B4.1.4 Explain the structures and properties of BSTs. (HL only)

B4.1.4 Explain the structures and properties of BSTs. 
• How binary search trees (BSTs) are used for data organization 
• Insert, delete, traverse and searching nodes in a BST 
• Sketching a BST as a tree diagram

The big idea

A Binary Search Tree (BST) is a hierarchical data structure that stores elements (nodes) in a way that makes searching, insertion, and deletion efficient.

Each node in a BST has:

  • A key (data value)
  • A pointer to a left child (all keys smaller than the current node’s key)
  • A pointer to a right child (all keys larger than the current node’s key)

This structure ensures that:

  • Searching is fast (O(log n) on average) because each comparison halves the search space.
  • Data remains sorted without additional processing.

 

1. Structure and properties of a BST

  1. Binary property:
    Each node has at most two children.
  2. Search property:
    For any node:
    • Left subtree contains keys less than the node’s key.
    • Right subtree contains keys greater than the node’s key.
  3. No duplicates:
    Typically, each key appears only once (though variants exist for duplicates).

 

2. BST in Python

Node structure:

class Node:
    def __init__(self, key):
        self.key = key
        self.left = None
        self.right = None

BST class with basic operations:

class BST:
    def __init__(self):
        self.root = None

    # Insertion
    def insert(self, key):
        self.root = self._insert_recursive(self.root, key)

    def _insert_recursive(self, node, key):
        if not node:
            return Node(key)
        if key < node.key:
            node.left = self._insert_recursive(node.left, key)
        elif key > node.key:
            node.right = self._insert_recursive(node.right, key)
        return node

    # Searching
    def search(self, key):
        return self._search_recursive(self.root, key)

    def _search_recursive(self, node, key):
        if not node:
            return False
        if key == node.key:
            return True
        elif key < node.key:
            return self._search_recursive(node.left, key)
        else:
            return self._search_recursive(node.right, key)

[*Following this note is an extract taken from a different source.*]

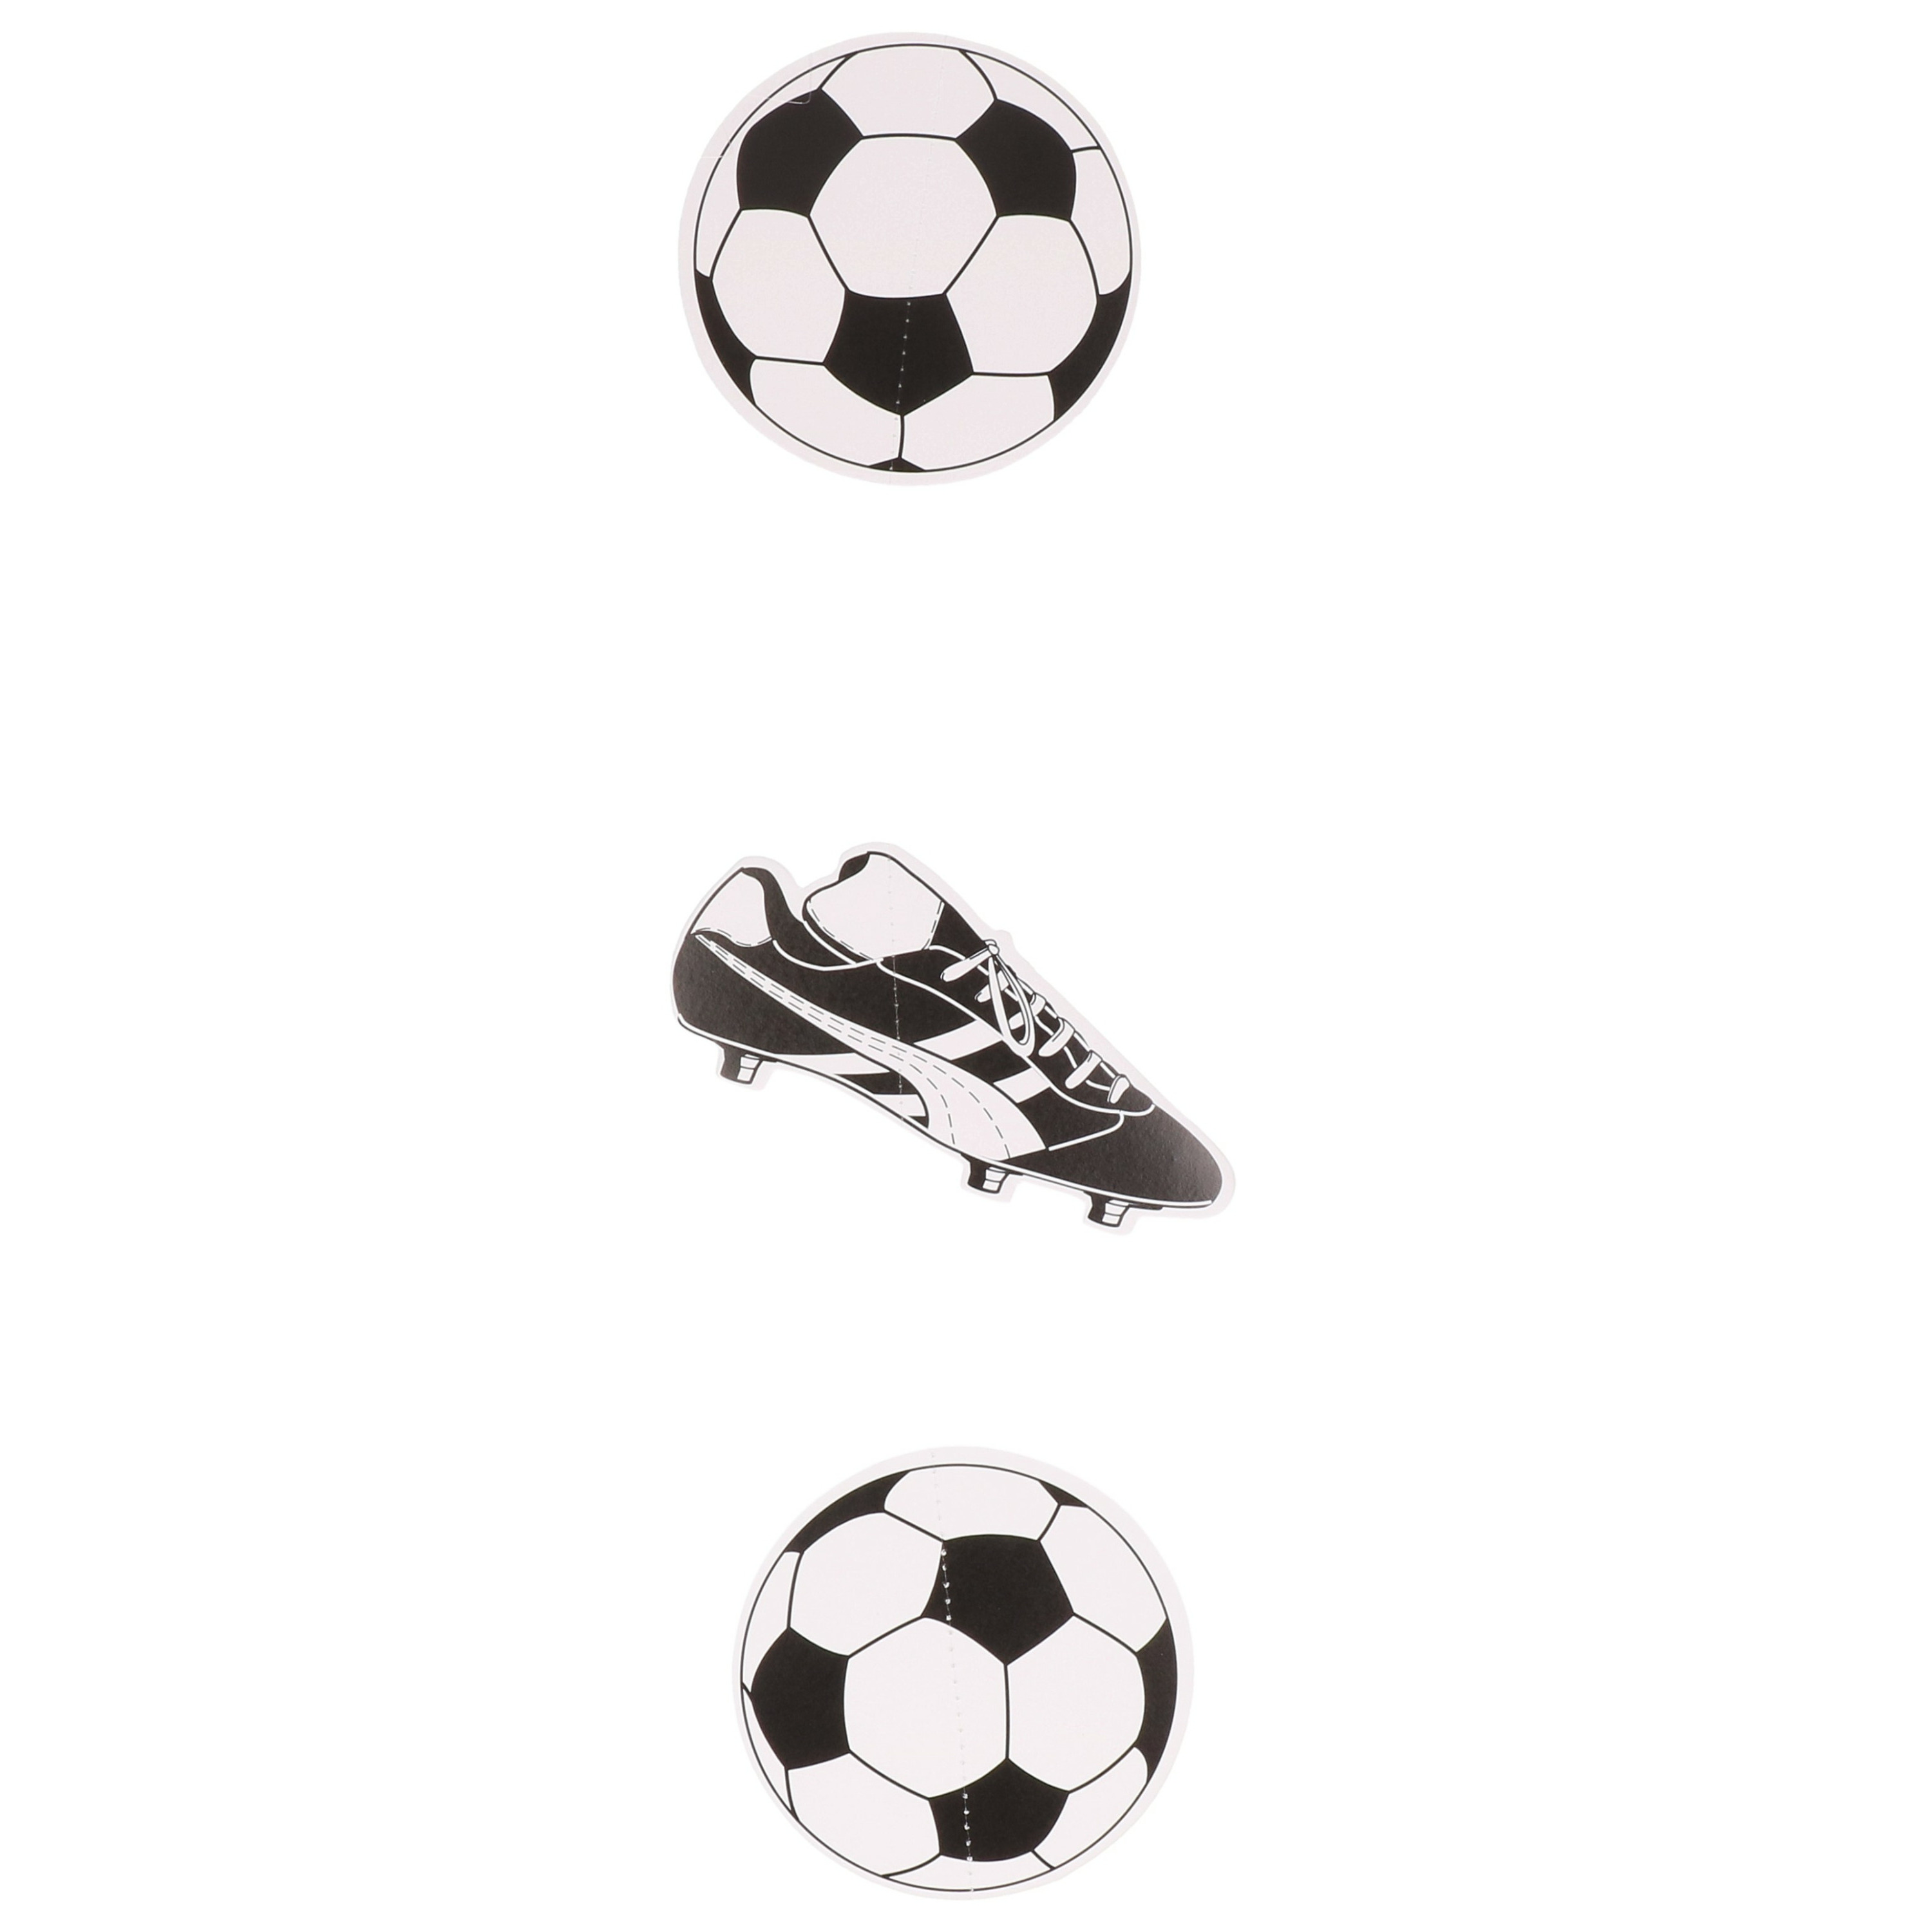 Voetbal slinger zwart/wit - EK/WK versiering

    # Traversal (in-order)
    def inorder(self):
        self._inorder_recursive(self.root)
        print()

    def _inorder_recursive(self, node):
        if node:
            self._inorder_recursive(node.left)
            print(node.key, end=" ")
            self._inorder_recursive(node.right)

    # Deletion
    def delete(self, key):
        self.root = self._delete_recursive(self.root, key)

    def _delete_recursive(self, node, key):
        if not node:
            return node
        if key < node.key:
            node.left = self._delete_recursive(node.left, key)
        elif key > node.key:
            node.right = self._delete_recursive(node.right, key)
        else:
            # Node with one child or no child
            if not node.left:
                return node.right
            elif not node.right:
                return node.left
            # Node with two children: Get inorder successor
            temp = self._min_value_node(node.right)
            node.key = temp.key
            node.right = self._delete_recursive(node.right, temp.key)
        return node

    def _min_value_node(self, node):
        current = node
        while current.left:
            current = current.left
        return current

 

3. Example usage

bst = BST()
for key in [50, 30, 70, 20, 40, 60, 80]:
    bst.insert(key)

print("In-order traversal (sorted):")
bst.inorder()  # 20 30 40 50 60 70 80

print("Search 40:", bst.search(40))  # True
print("Search 90:", bst.search(90))  # False

bst.delete(20)  # Leaf node
bst.delete(30)  # Node with one child
bst.delete(50)  # Node with two children

print("In-order after deletions:")
bst.inorder()  # 40 60 70 80

 

4. Traversal methods

BSTs can be traversed in several ways:

  • In-order (Left → Root → Right): Produces sorted order.
  • Pre-order (Root → Left → Right): Useful for saving tree structure.
  • Post-order (Left → Right → Root): Useful for deletion or freeing memory.

 

5. BST sketch example

For the insertion sequence:

50, 30, 70, 20, 40, 60, 80

The BST diagram looks like:

        50
       /  \
     30    70
    / \    / \
  20  40  60  80

Advantages

  • Efficient search, insert, delete (O(log n) average case).
  • Keeps data sorted without extra sorting step.
  • Flexible for ordered operations.

Disadvantages

  • Worst-case performance O(n) if the tree becomes unbalanced (e.g., inserting sorted data into an unbalanced BST).
  • Requires balancing techniques (AVL, Red-Black Trees) for consistent performance.